И в том, что она воплотит свои угрозы в жизнь, я не сомневался. Но времени на препирательства не было.

— Мы пришли за детьми, а он покажет нам путь. Тот, кто не хочет идти, остается здесь, — произнес я и первым вошел в темный туннель.

— Почему ты послушал его, нужно было оставаться в участке! — пшикнула на супруга Яна. Но Руслан лишь невинно пожал плечами.

Дальше споров не последовало, и вся компания пошла следом.

Я всегда представлял шахты как огромные города с лестницами, колоннами и залами, а эти туннели больше напоминали ходы гигантского крота. Но больше всего поражала тишина: она давила на уши и превращала каждый вдох и выдох в дуновение ветра, а очередной шаг виделся столь шумным, что невольно казался вторжением в святое безмолвие подземного царства. Земля вообще немногословна, и не дай бог кому-то из нас пробудить ее гнев.

— Ты непроходимый идиот! Еще и преступник теперь! Разве могут быть наши дети здесь спустя год? Как можно было вообще поверить этому самозванцу?! Он же небось дует всякую дрянь ежедневно, — вскипела Алина, когда я быстро пересказал женщинам все, что произошло в участке.

— Не обзывайтесь! — обиделся Анастас. — Послушайте, вам все кажется бредом, но если бы вы знали правду об этом месте, то только поблагодарили меня за то, что я вам помогаю!

— Ага, спасибо за возможность угодить в тюрьму! — буркнул Руслан.

— Откуда нашим детям здесь взяться спустя год! Шахту обследовали вдоль и поперек! — выругалась Яна.

— Обследовали. Но не в то время, когда нужно.

— Что значит: «не в то время»? — не унималась Алина.

— Просто доверьтесь мне на ближайший час. Слушайте меня во всем и не задавайте множество вопросов. И главное: не шумите! И тогда мы, возможно, отыщем ваших детей.

Дальше мы шли молча. И в этой тишине меня начали одолевать сомнения. Я действительно поступил как идиот. Подставил супругу и друзей. Одному богу известно, что нас ждет, когда мы поднимемся. И все это я сделал из-за незначительного намека на то, что дети могут быть живы. Воистину надежда умирает последней.

Штольня тем временем петляла в стороны словно змея.

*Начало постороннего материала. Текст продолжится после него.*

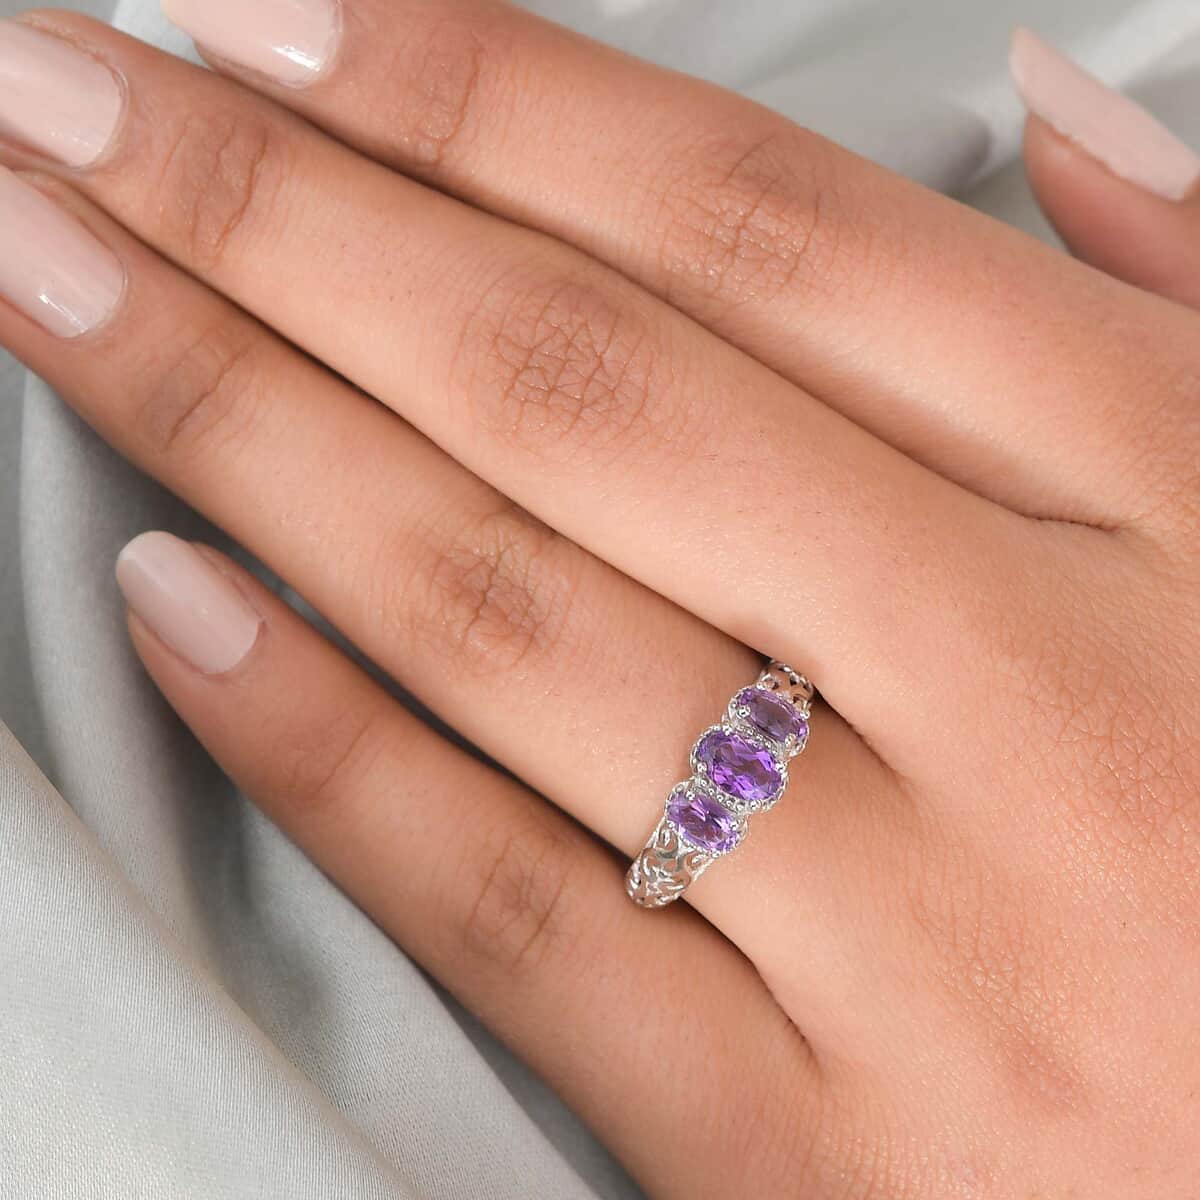 Amethyst Ring, 3 Stone Amethyst Ring, Trilogy Ring, Sterling Silver Ring, Birthstone Jewelry, Amethyst 3 Stone Ring 0.85 ctw (Size 10.0) image number 1

Воздух становился теплее. То и дело появлялись новые ходы и ответвления, в которых, если бы не наш проводник можно было легко заблудиться.

В какой-то момент я ощутил полную потерю внутреннего чувства времени. Сколько вообще его прошло? Минут двадцать или час? Неизвестно. Я посмотрел на циферблат наручных часов, но они словно сошли с ума: часовая стрелка двигалась с огромной скоростью и где-то за десять секунд сделала два полных оборота. Остальные стрелки просто тряслись на месте.

— Видимо, какая-то магнитная аномалия, — подумал я.

— Тише! — вдруг скомандовал Анастас, и мы становились.

Впереди слышался едва различимый шум. Казалось, кто-то бродит по туннелям за поворотом в метрах тридцати от нас.

— Митя, Юля, — прошептала Алина и дернула меня за рукав.

Давно забытые радость и надежда, вдруг захлестнули меня в водовороте.

— Юра? Юрка, это ты?! — радостно закричал Руслан, и его голос умчался сильным эхом вперед.

— Тихо! — зашипел Анастас.

Шаги замолкли, и несколько секунд в штольне стояла тишина.

— Шерк–шерк. Шерк-шерк, — донеслось до нас.

Нас услышали. Кто-то приближался. Медленно. Но звук шагов был таким, словно шедший сюда, тащил по земле какой-то предмет.

— Шерк–шерк. Шерк-шерк, — раздавалось все ближе и ближе.

Я посмотрел на Анастаса и увидел, что его лицо побелело от ужаса.

— Бегите! — закричал он и тут же последовал собственному совету.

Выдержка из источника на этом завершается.